Mrs. Raymond opined that Averil ought by then to have discovered the secret of managing the young man, and they went to tiffin on the veranda in excellent spirits.
Dr. Seddon was there and young Steele, one of Raymond's subalterns. Averil found herself next to the doctor, who, rather to her surprise, forebore to twit her with her early morning adventure. He was, in fact, very grave, and she wondered why.
Steele, strolling by her side in the shady compound, by and bye volunteered information.
"Poor old Seddon is in a mortal funk," he said, "which accounts for his wretched appetite. He has been wasting steadily ever since Carlyon went away. He thinks Carlyon is the only fellow capable of taking care of him. No one else is monster enough."
"Is Colonel Carlyon expected out here?" Averil asked, in a casual tone.
One of Steele's eyelids contracted a little as if it wanted to wink. He answered her in a low voice: "Carlyon is never expected before his arrival, Miss Eversley."
"No?" said Averil indifferently. "And, why, please do you call him a monster?"
Steele laughed a little. "Didn't you know?" he said. "Why, he is the King of Evil in these parts!"
Averil felt her face slowly flushing. "I don't understand," she said.
"Don't you?" said Steele. "Honestly now?"
The flush heightened. "Of course I don't," she said. "Otherwise why should I tell you so?"
"Pardon!" said Steele, unabashed. "Well, then, you must know that we are all frightened of Carlyon of the Frontier. We hate him badly, but he has the whip-hand of us, and so we have to do the tame trot for him. Over there"—he jerked his head towards the mountains—"they would lie down in a row miles long and let him walk over their necks. And not a single blackguard among them would dare to stab upwards, because Carlyon is immortal, as everyone knows, and it wouldn't be worth the blackguard's while to survive the deed.
"They don't call him Carlyon in the mountains, but it's the same man, for all that. He is a prophet, a deity, among them. They believe in him blindly as a special messenger from Heaven. And he plays with them, barters them, betrays them, every single day he spends among them. He is strong, he is unscrupulous, he is merciless. He respects no friendship. He keeps no oath. He betrays, he tortures, he slays. Even we, the enlightened race, shrink from him as if he were the very fiend incarnate.

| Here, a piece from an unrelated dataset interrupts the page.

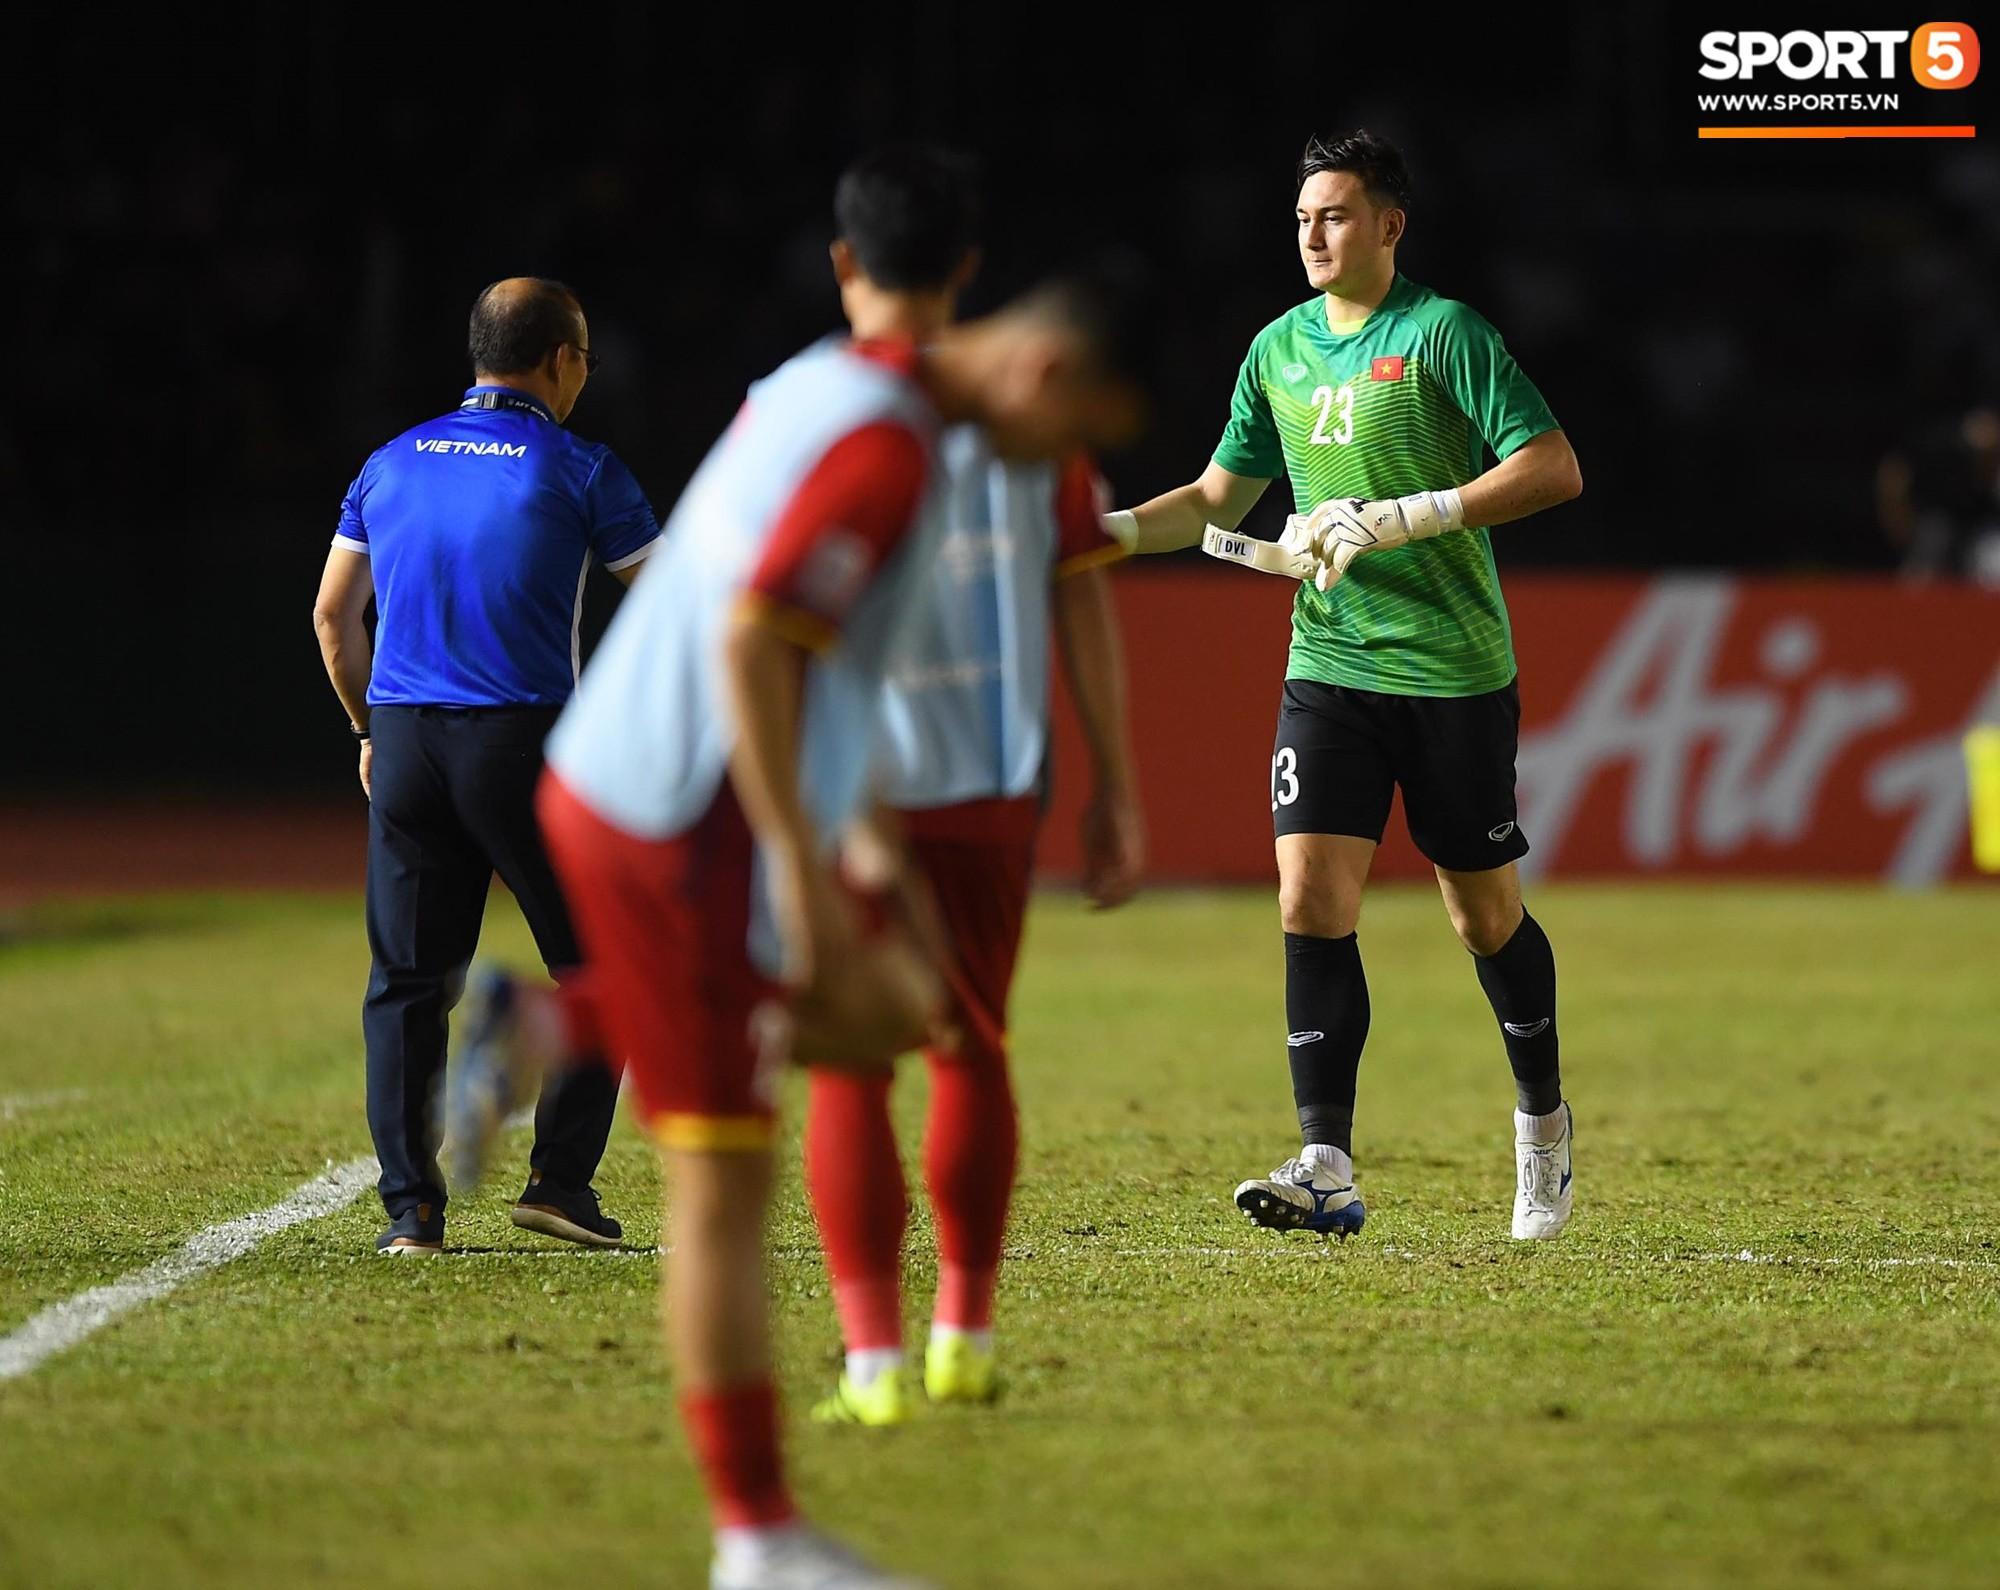 Đội tuyển Việt Nam lập kỷ lục chưa từng có trong lịch sử AFF Cup 1
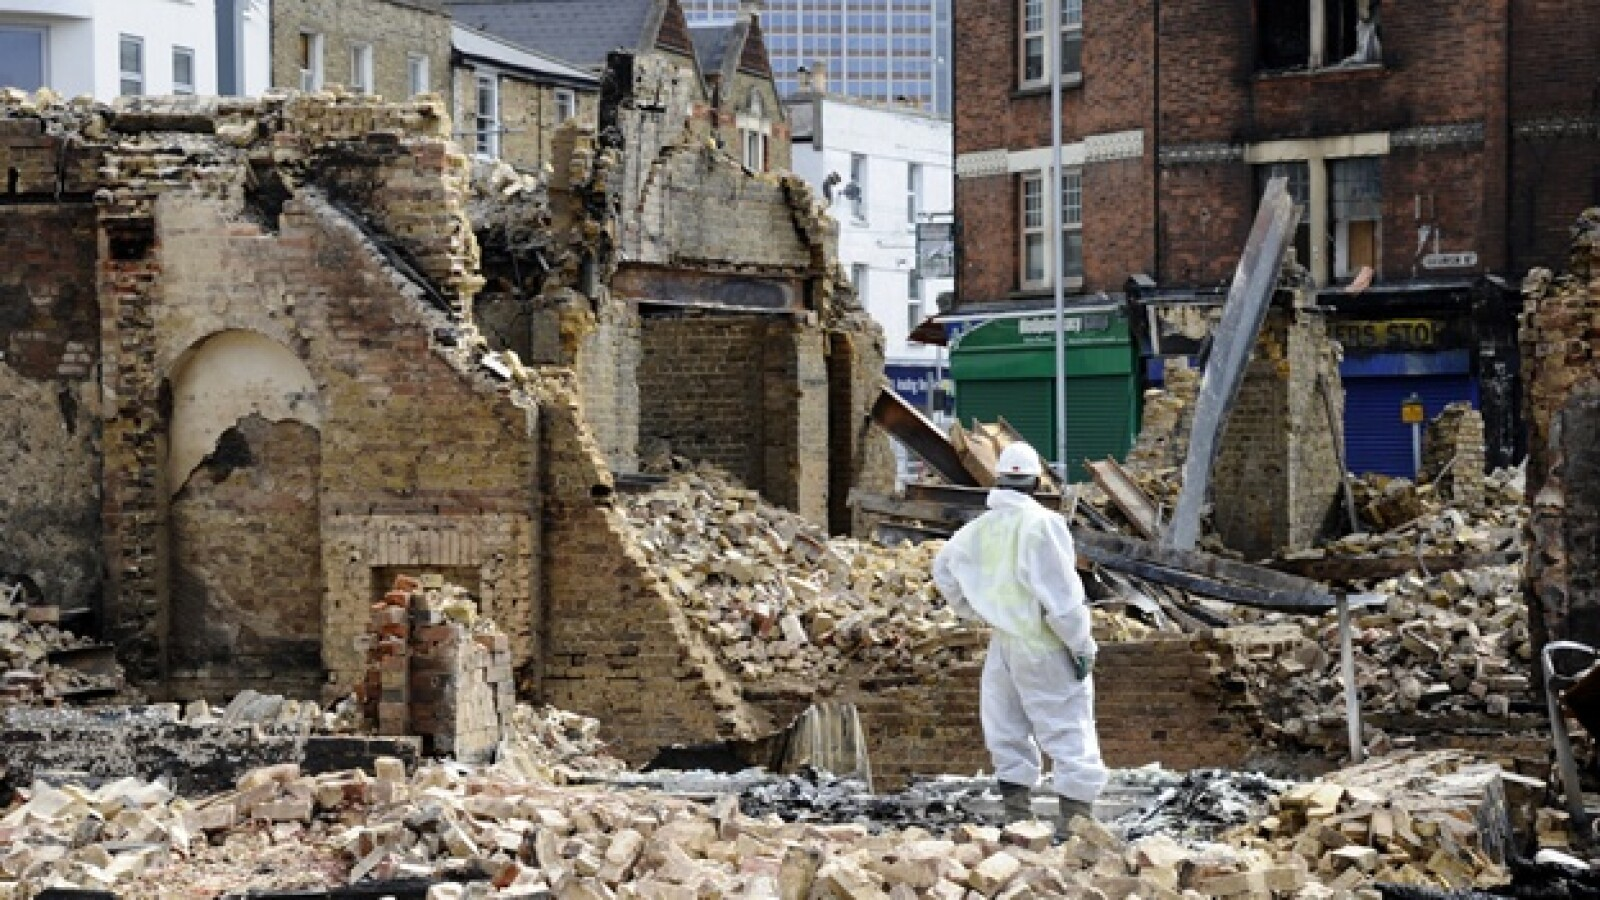 Un trabajador observa los restos de la tienda muebles Reeves

"But he is a valuable man. The information he obtains is priceless. But he trades with blood. He lives on treachery. He is more subtle than the subtlest Pathan. He would betray any one or all of us to death if it were to the interest of the Empire that we should be sacrified. That, you know, in reason, is all very well. But, personally, I would sooner tread barefoot on a scorpion than get entangled in Carlyon's web. He is more false and more cruel than a serpent. At least, that is his reputation among us. And those heathen beggars trust him so utterly."
Steele stopped abruptly. He had spoken with strong passion. His honest face was glowing with indignation. He was British to the backbone, and he loathed all treachery instinctively.
Suddenly he saw that the girl beside him had turned very white. He paused in his walk with an awkward sense of having spoken unadvisedly.
"Of course," he said, with a boyish effort to recover his ground, "it has to be done. Someone must do the dirty work. But that doesn't make you like the man who does it a bit the better. One wouldn't brush shoulders with the hangman if one knew it."
Averil was standing still. Her hands were clenched.
"Are you talking of Colonel Carlyon—my friend?" she said slowly.
Steele turned sharply away from the wide gaze of her grey eyes.
"I hope not, Miss Eversley," he said. "The man I mean is not fit to be the friend of any woman."